PROBLEM »
Find "Ο άνδρας και" in the entries below; copy that line through the last, exactly, with no pictures.
BEGIN
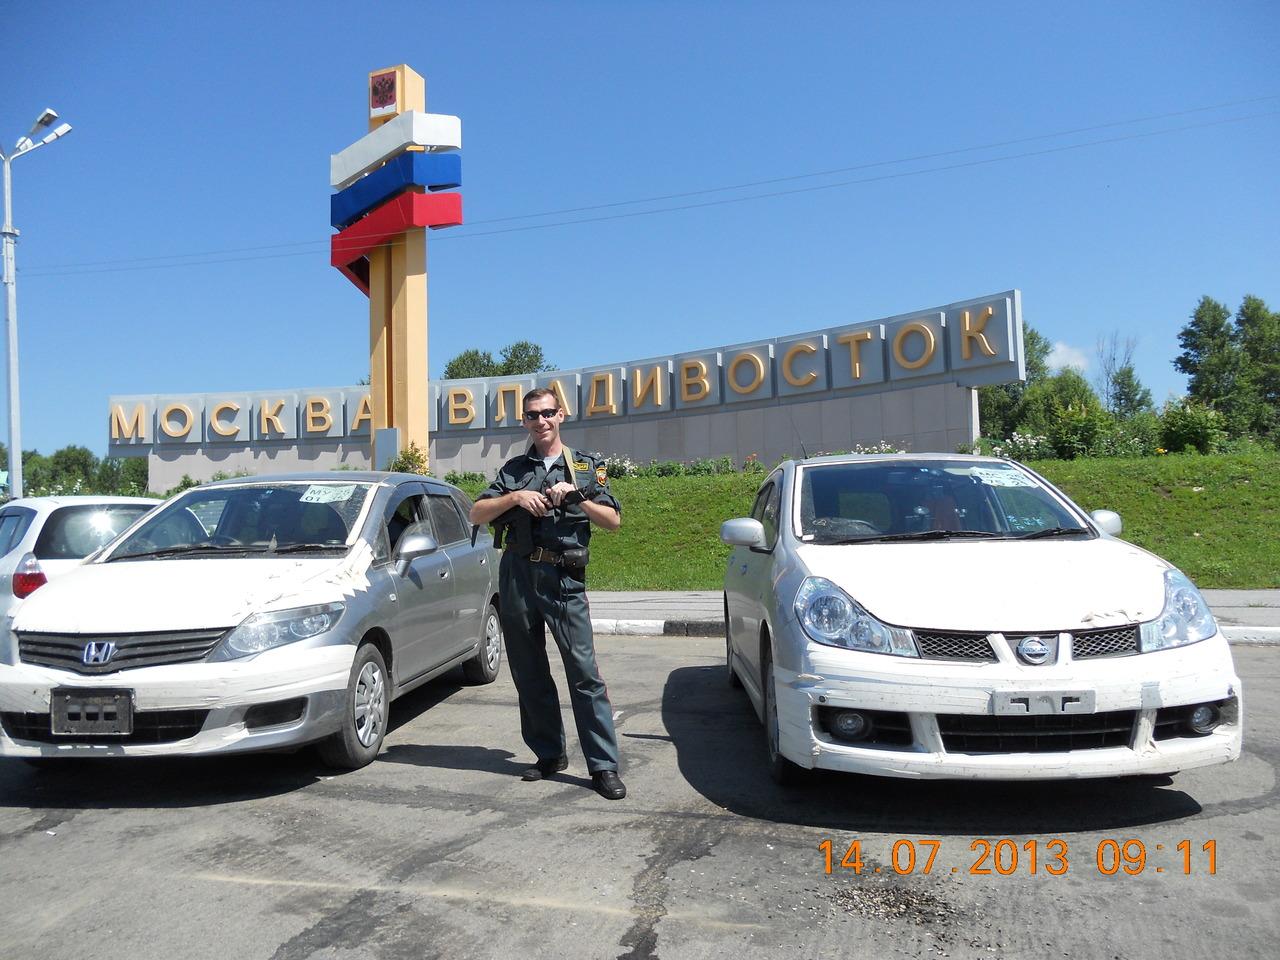 Продажа автомобилей в Кемерово, новые и подержанные авто б.
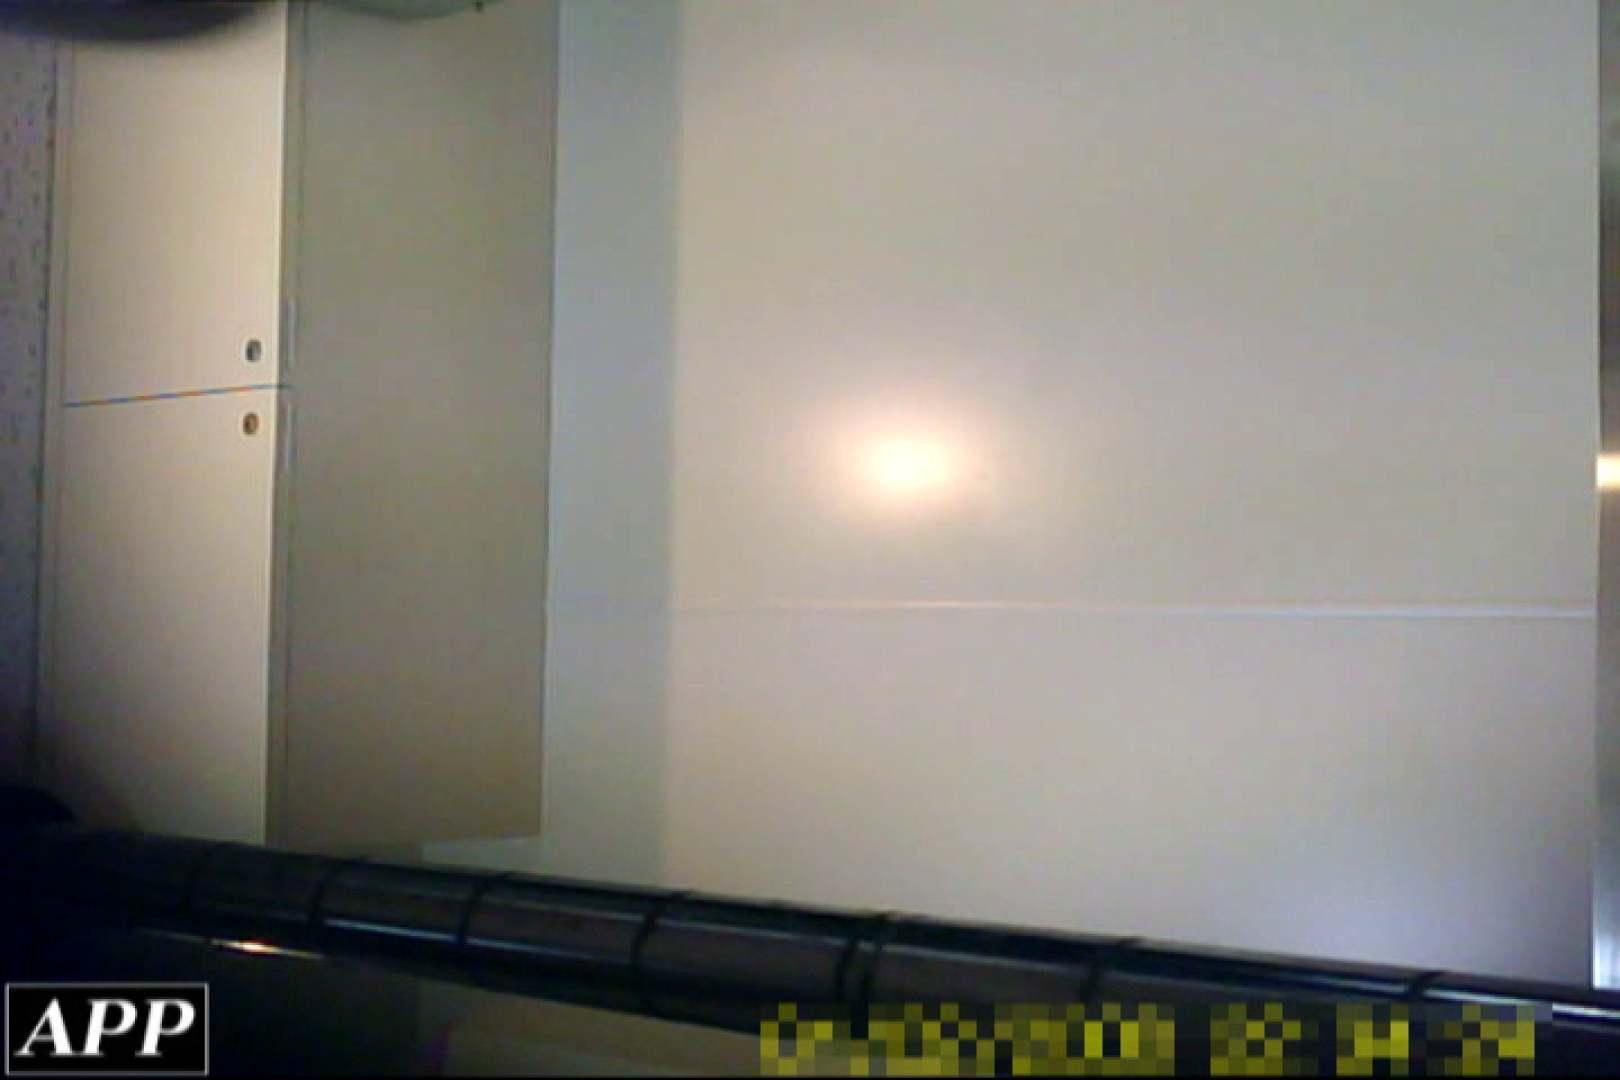 3視点洗面所 vol.111 盗撮シリーズ オメコ無修正動画無料 109PIX 32
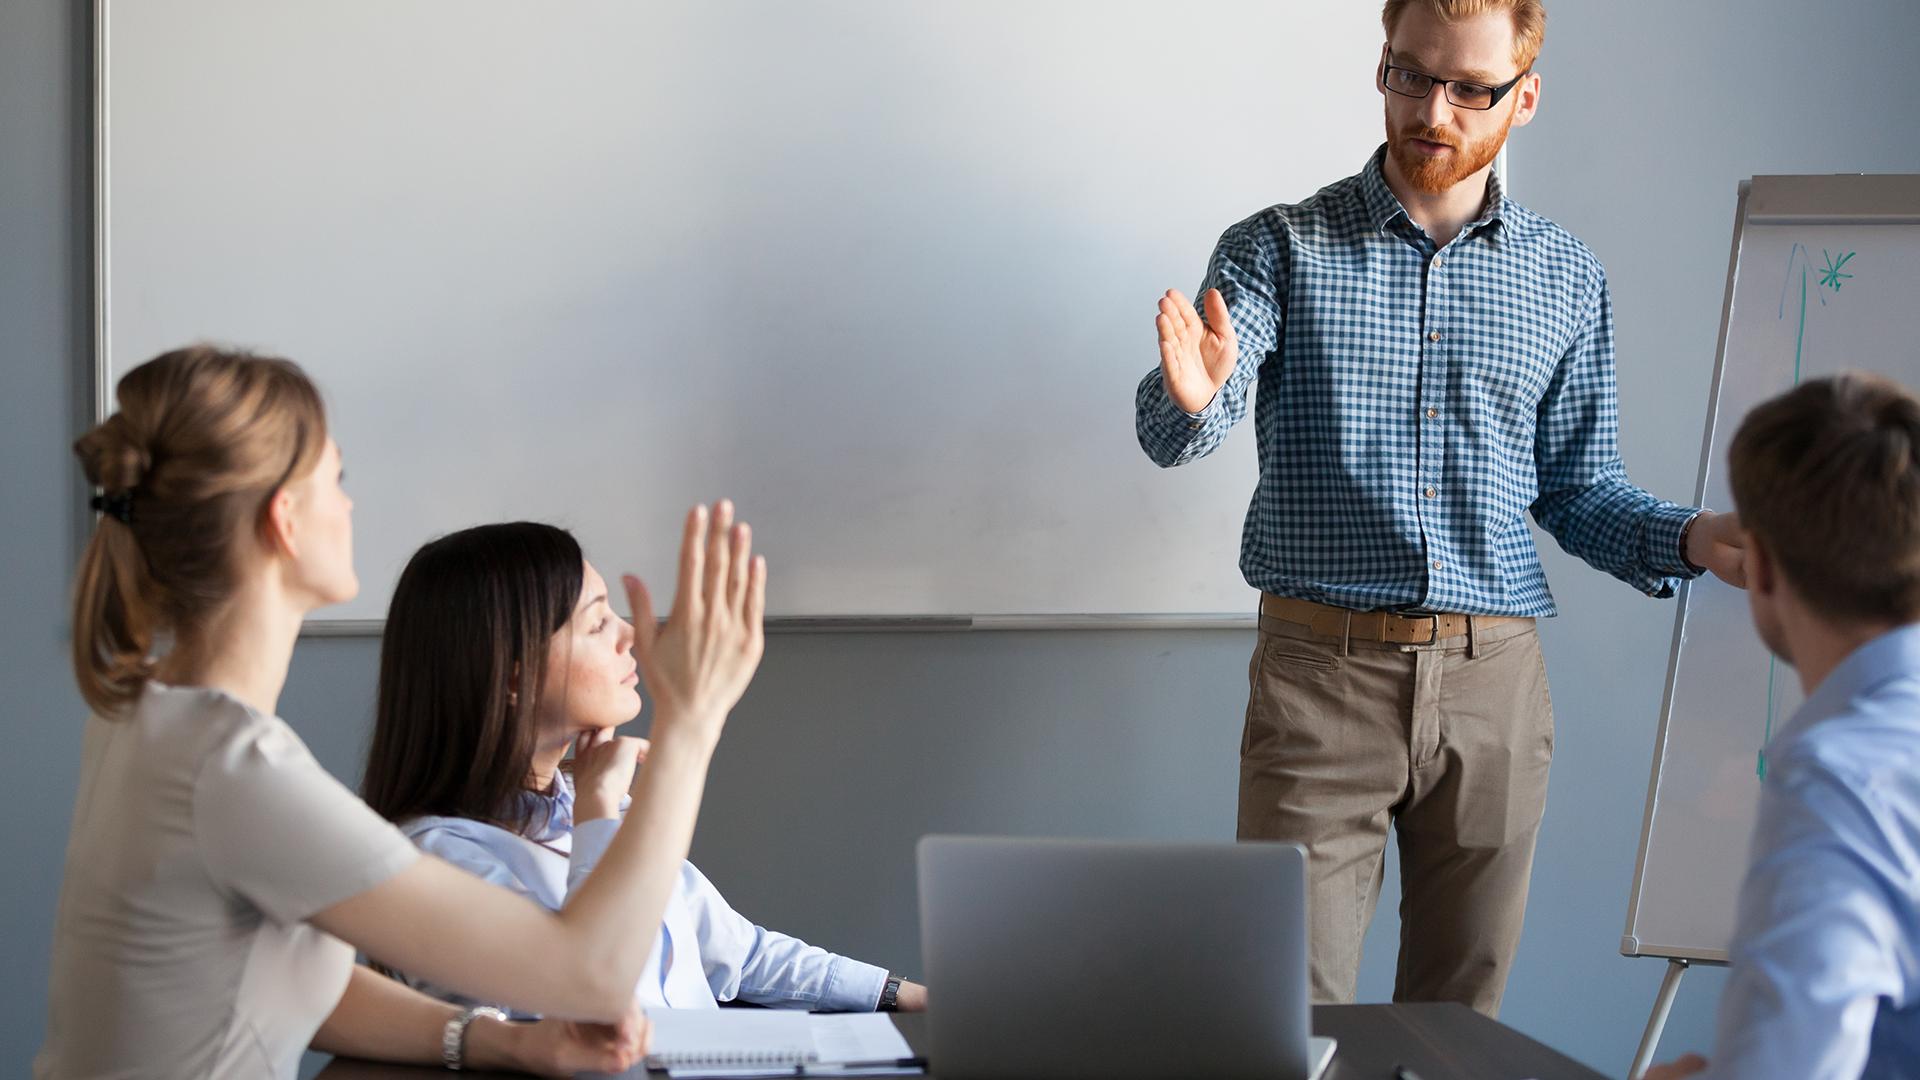 Disse fire evner ruster dig til at skabe afgørende værdi i bestyrelsesarbejdet
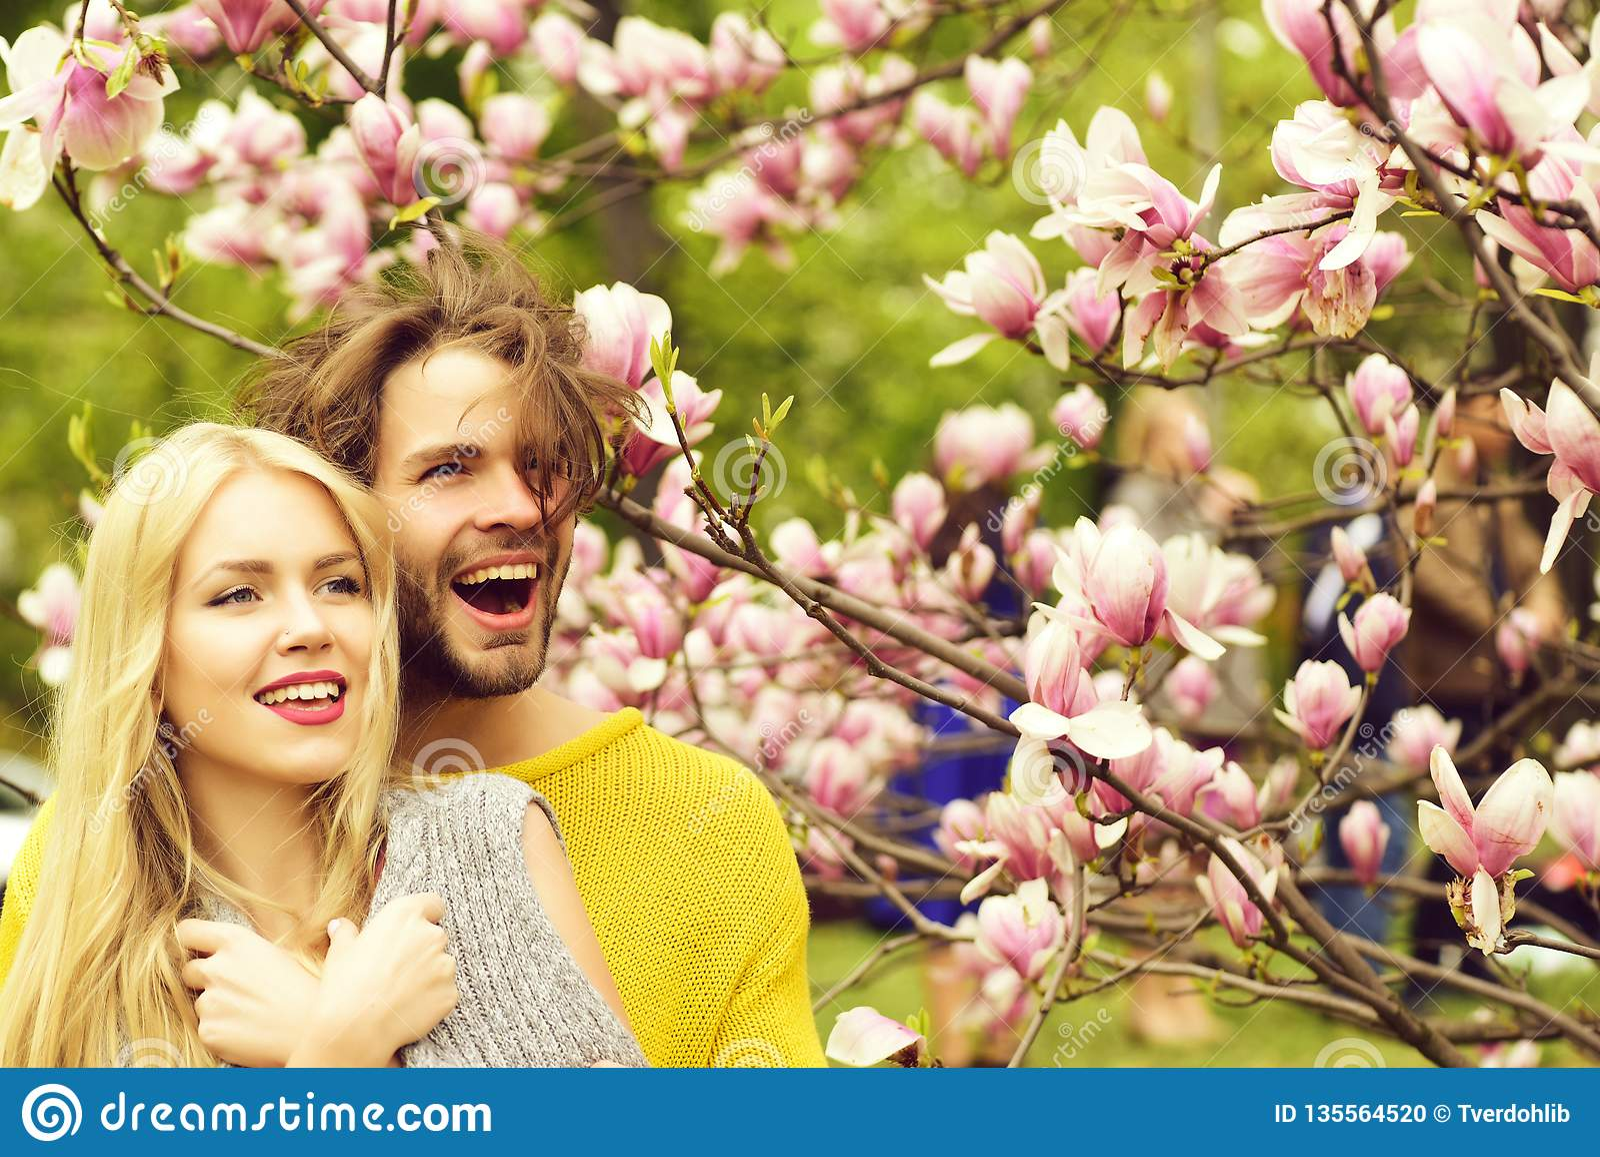 Ο άνδρας και η γυναίκα, συνδέουν τα ερωτευμένα την άνοιξη λουλούδια magnolia
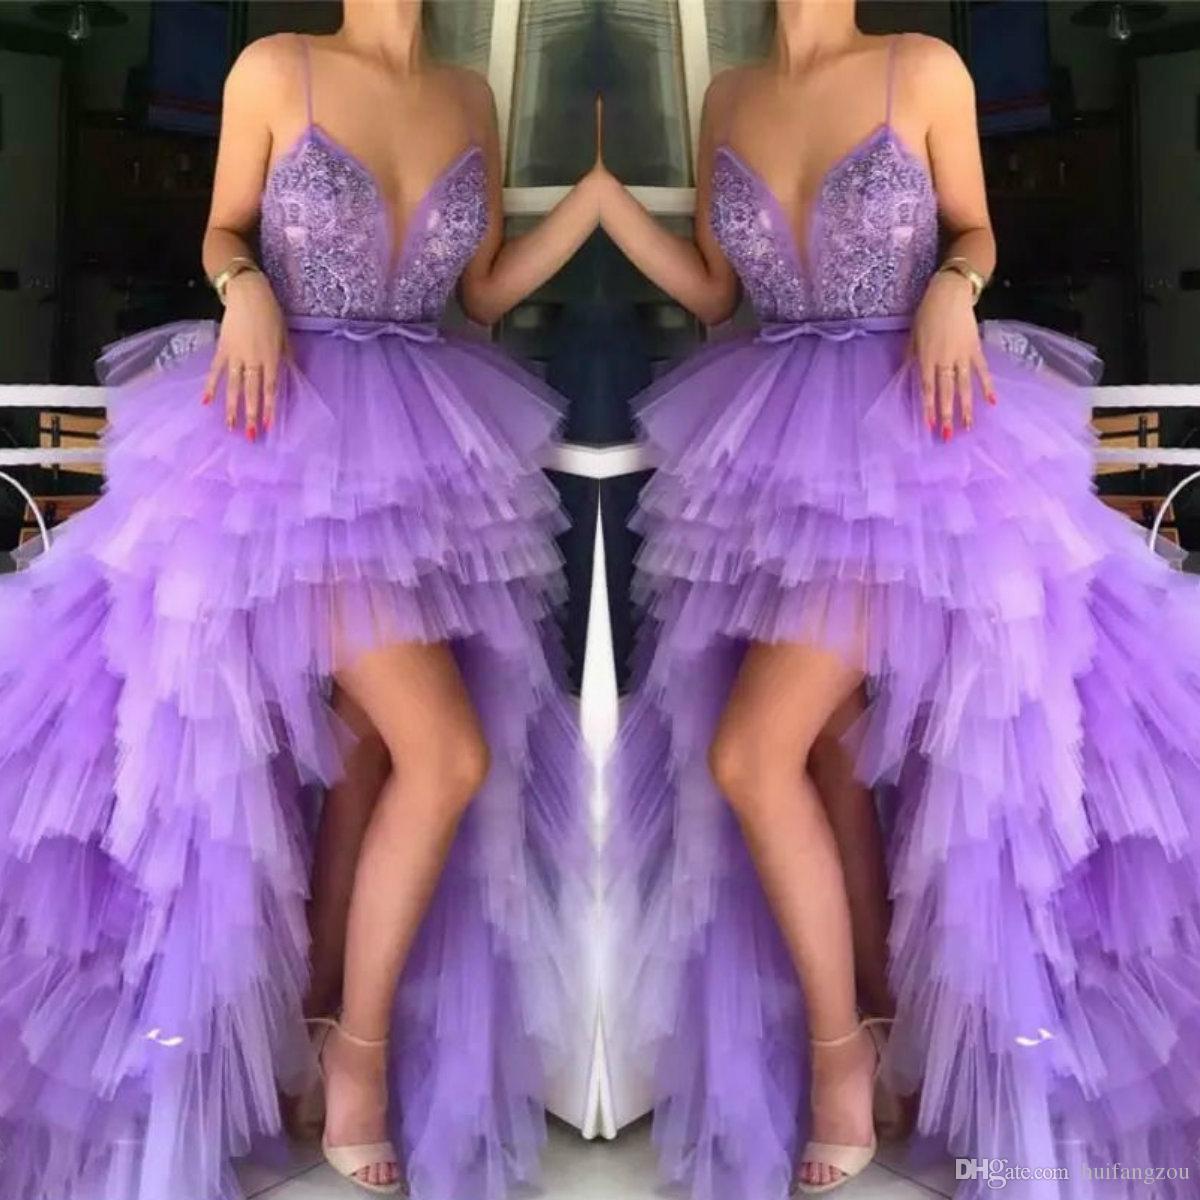 2019 Hola Lo Spaghetti Vestidos de baile Apliques de encaje Vestido de noche atractivo moldeado Tul con gradas Vestidos de fiesta formal personalizados
END
WRITTEN ANSWER »
 Ο άνδρας και η γυναίκα, συνδέουν τα ερωτευμένα την άνοιξη λουλούδια magnolia
 2019 Hola Lo Spaghetti Vestidos de baile Apliques de encaje Vestido de noche atractivo moldeado Tul con gradas Vestidos de fiesta formal personalizados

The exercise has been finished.